From the data that follows, print exactly the lines starting at the one containing "Coldwater's Rylie Van" and ending at the one containing "Shop for back to school beauty products"; include both of them and nothing more.

# Available records
********

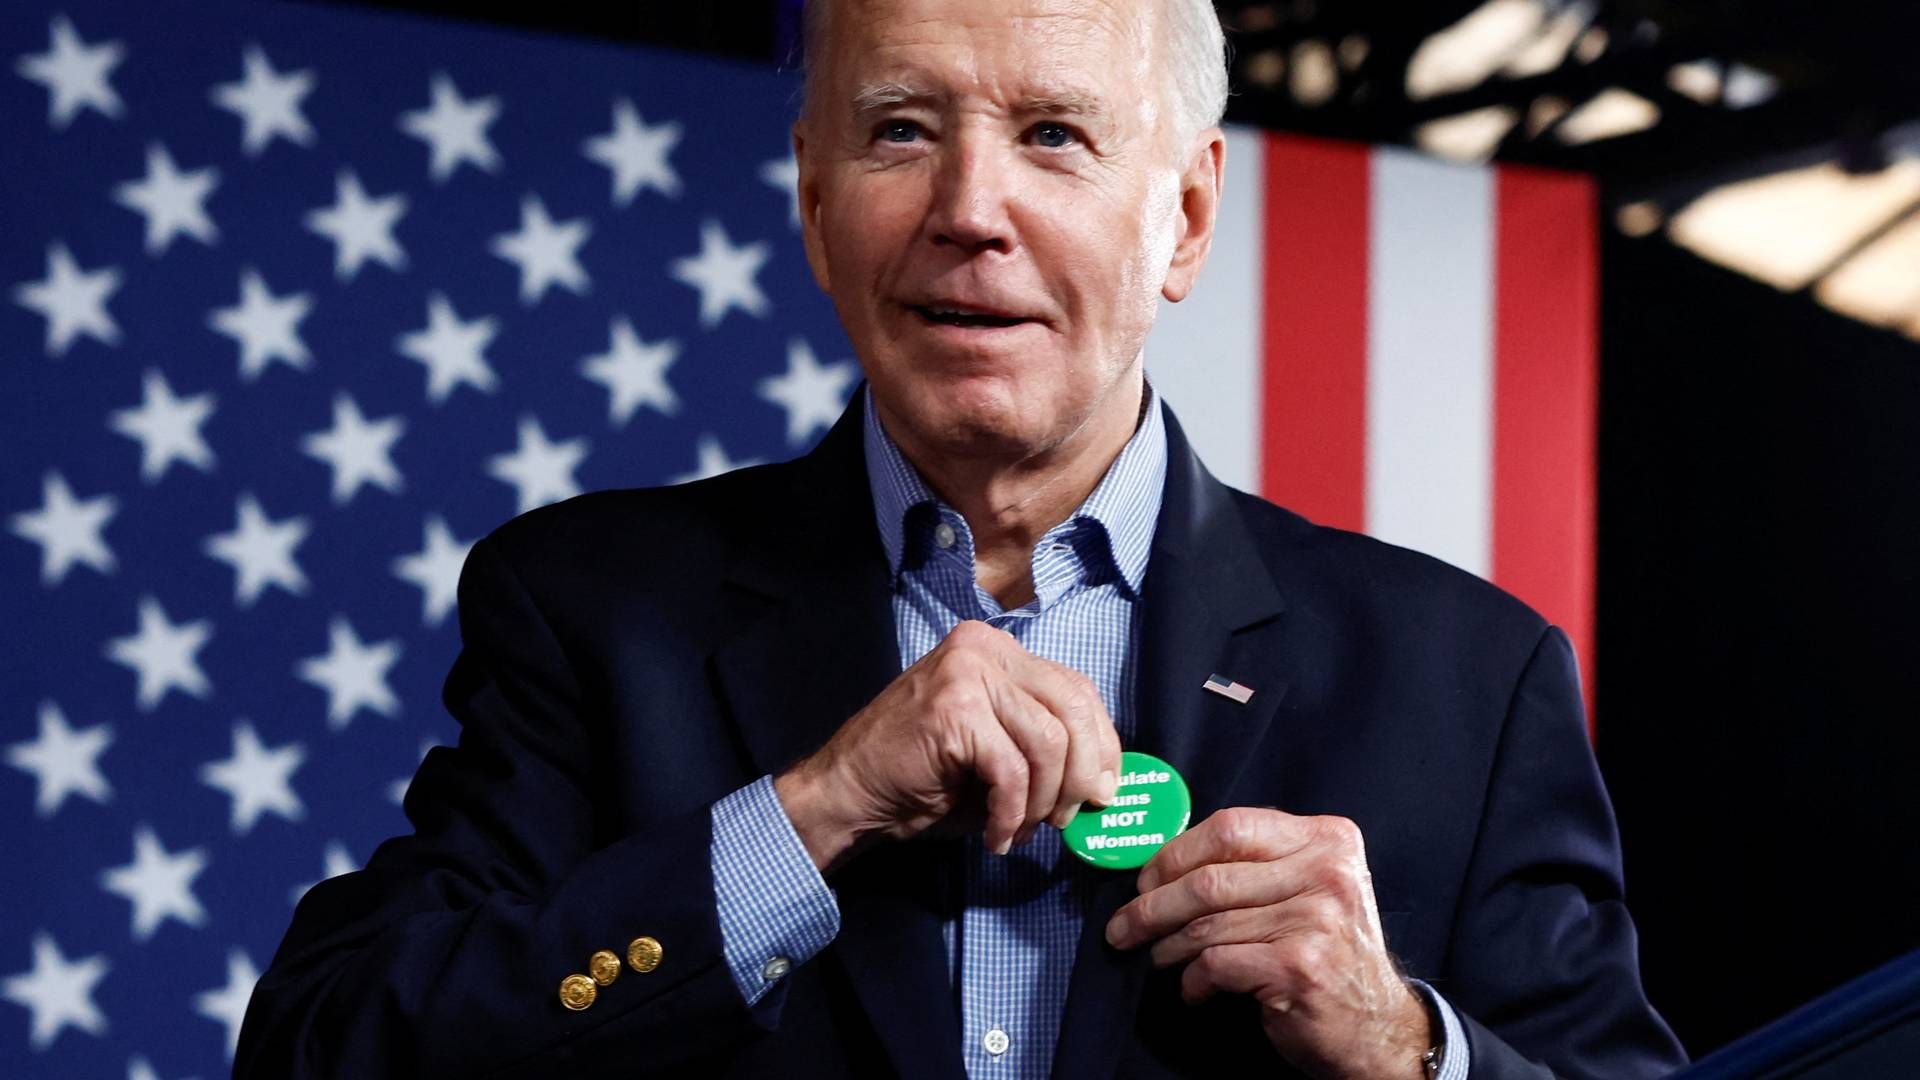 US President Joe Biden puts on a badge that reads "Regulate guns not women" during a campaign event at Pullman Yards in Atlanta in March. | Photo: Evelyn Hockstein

********

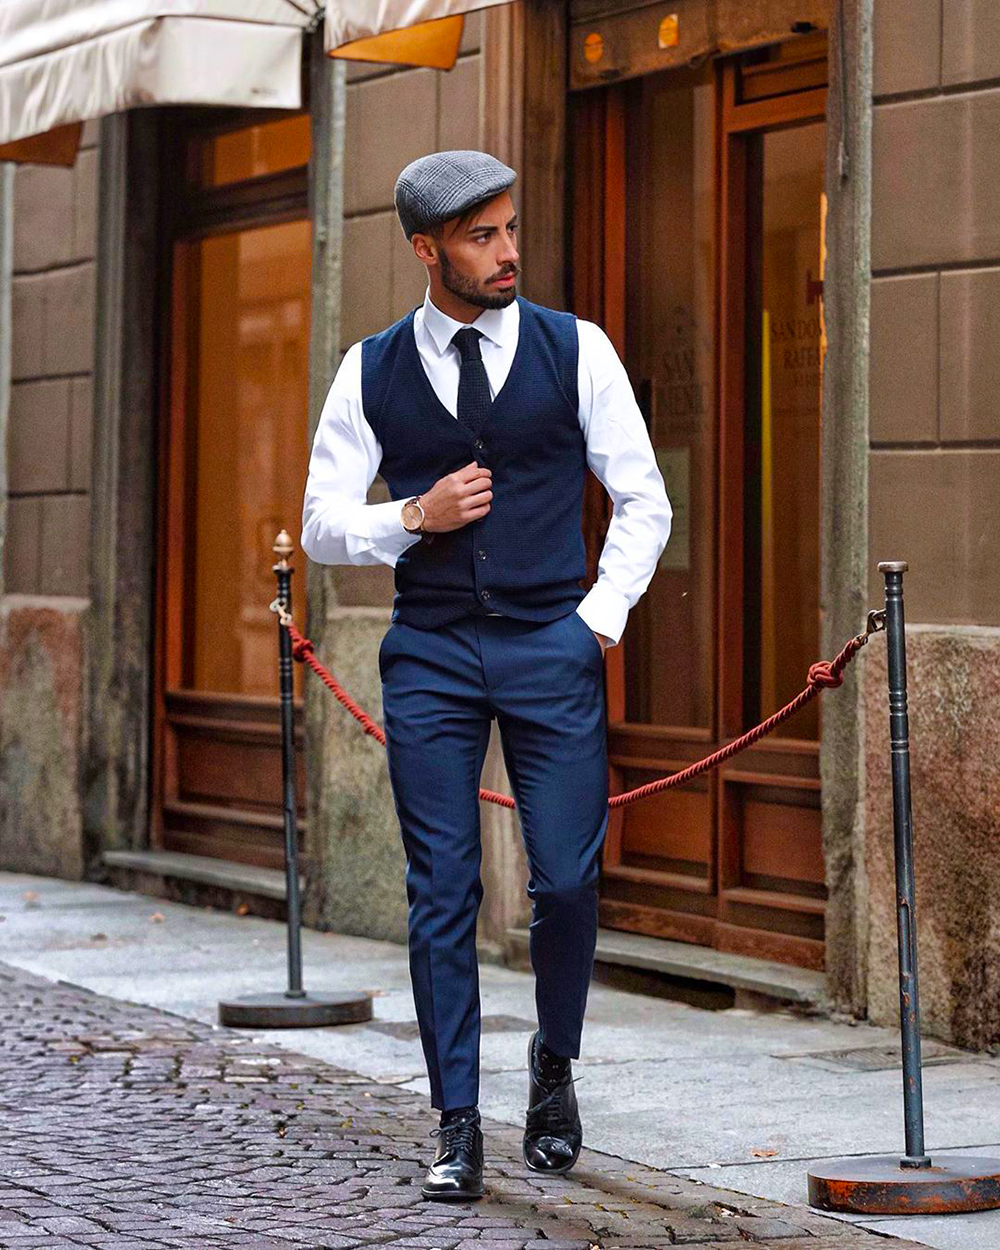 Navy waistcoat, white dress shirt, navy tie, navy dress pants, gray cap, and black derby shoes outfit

********

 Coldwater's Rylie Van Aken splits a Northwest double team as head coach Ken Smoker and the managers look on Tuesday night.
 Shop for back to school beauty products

********

# Result of the task
 Coldwater's Rylie Van Aken splits a Northwest double team as head coach Ken Smoker and the managers look on Tuesday night.
 Shop for back to school beauty products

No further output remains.